I'll assume he is the father. 50% a parent to your children, loves them just as much, cares for them just as much, would grieve for them just as much if separated from them.
Your husband is unwell. The level of your desperation is clearly driven you to a point of hopelessness. No, he shouldn't threaten suicide, no one ever should, its unacceptable. It is however good evidence he is in bad shape. He needs you. He also needs proper medical care. Most times patients change dramatically once they are stabilized. This is your priority IMO and the more compassionate way to think. But without knowing him and what you've gone through its a difficult call. Remember, we are sufferers too, not professional medical people.

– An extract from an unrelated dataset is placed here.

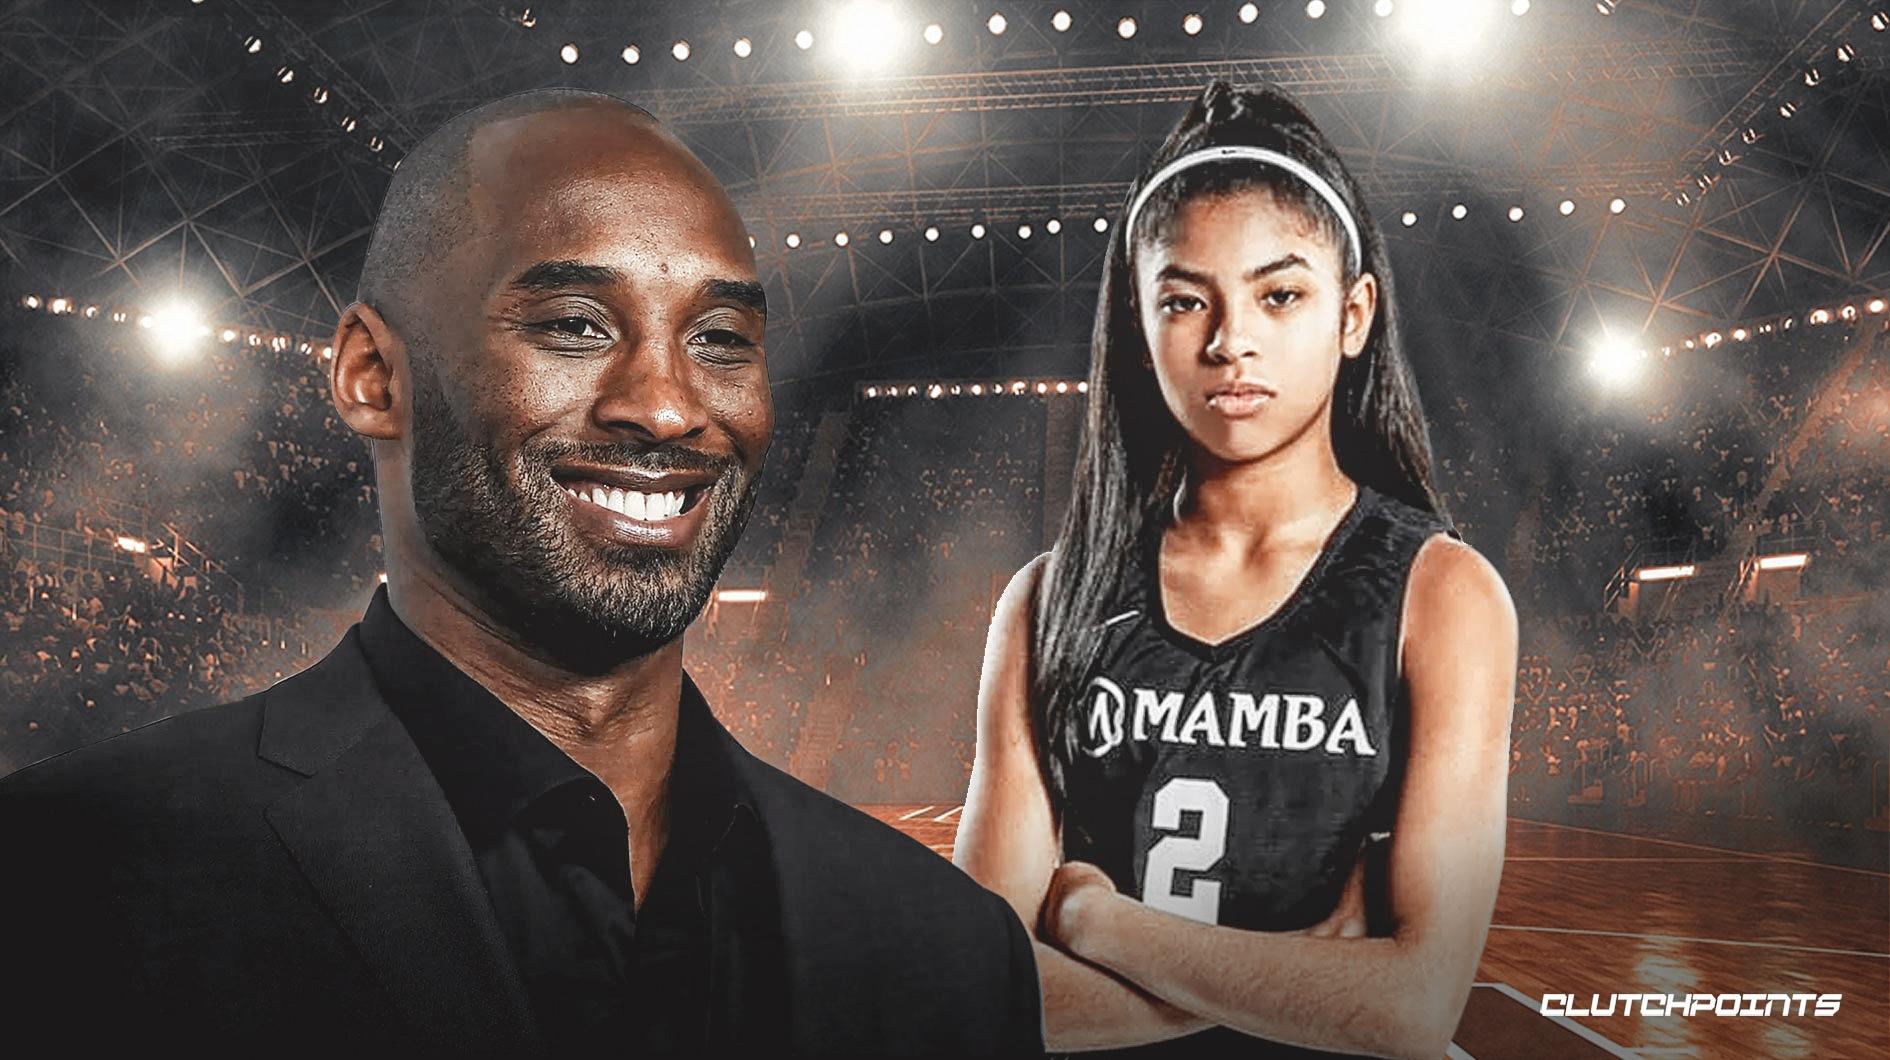 Gigi hija de Kobe Bryant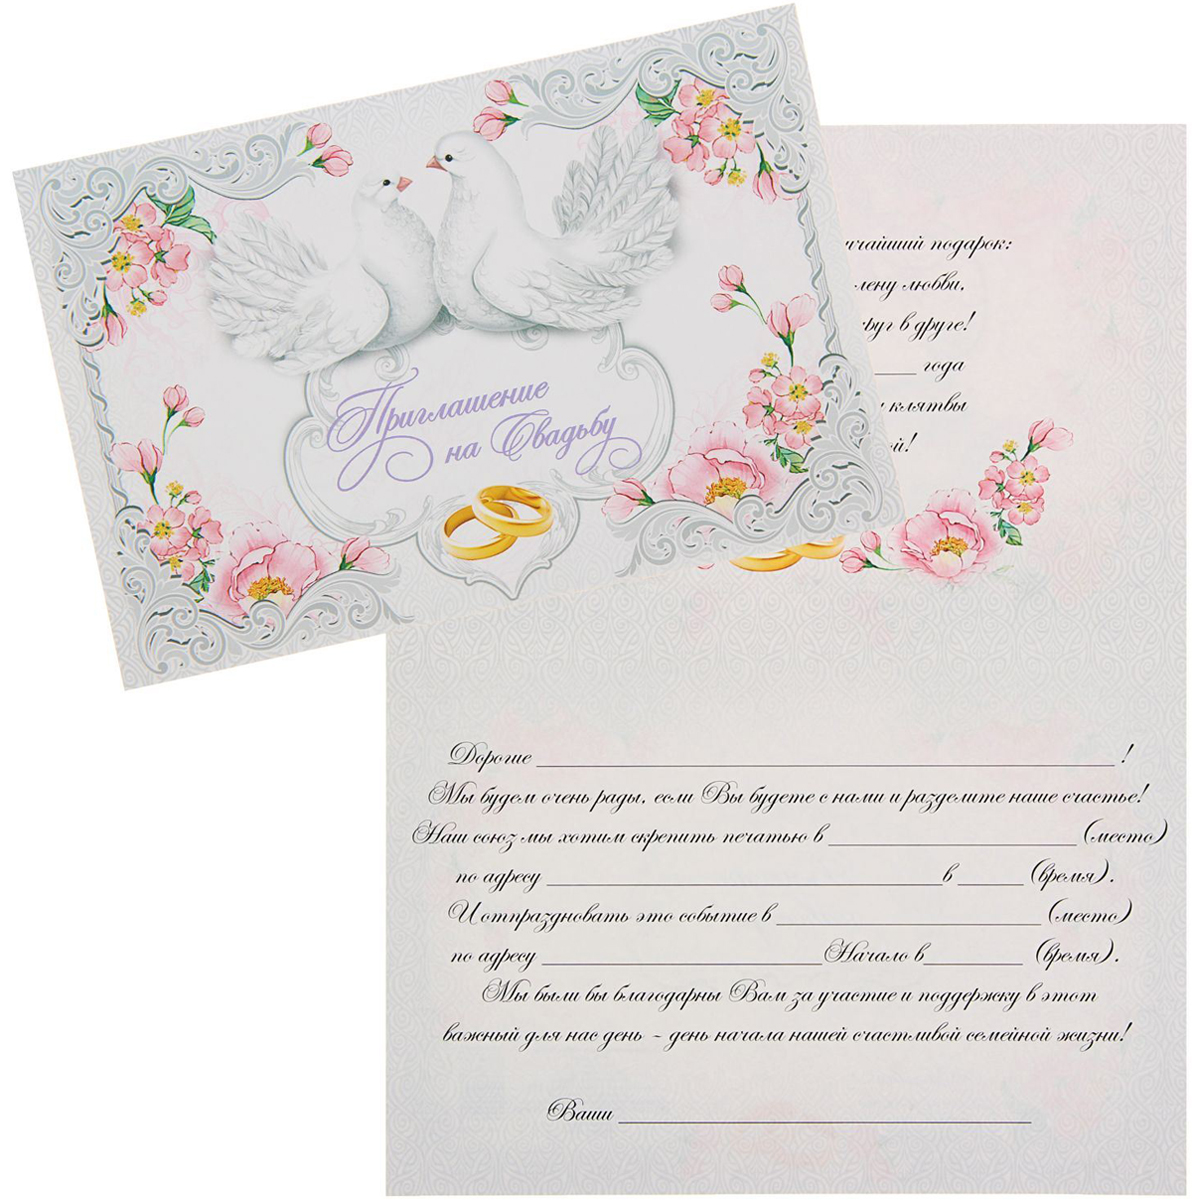 Приглашение на свадьбу Свадьба вашей мечты Голуби, 18 х 12 см1333776У вас намечается свадьба? Поздравляем от всей души! Когда дата и время бракосочетания уже известны, и вы определились со списком гостей, необходимо оповестить их о предстоящем празднике. Существует традиция делать персональные приглашения с указанием времени и даты мероприятия. Но перед свадьбой столько всего надо успеть, что на изготовление десятков открыток просто не остаётся времени. В этом случае вам придёт на помощь разработанное нашими дизайнерами приглашение на свадьбу . на обратной стороне расположен текст со свободными полями для имени адресата, времени, даты и адреса проведения мероприятия. Мы продумали все детали, вам остаётся только заполнить необходимые строки и раздать приглашения гостям. Устройте себе незабываемую свадьбу!

Two other things. Children are resilient. The holiday without dad will be fine. Children adapt. Also, your mothers view on your marriage. Not good. It isn't right to press her viewpoint onto you. Make up your own mind. 80% of people don't understand mental illness at all and its those people that offer such quick fix, get rid of the problem ideas. Its your marriage and he's your husband. Base your decision on your own effort levels and commitment.
One final thing. I have depression and bipolar. If my wife decided to leave me anytime in the last 6 years due to my moods and rash unsettled persona....we would have split 20 times. Now with the right medication and just as important the right dosage....I'm writing here giving advise and my happy wife is beside me.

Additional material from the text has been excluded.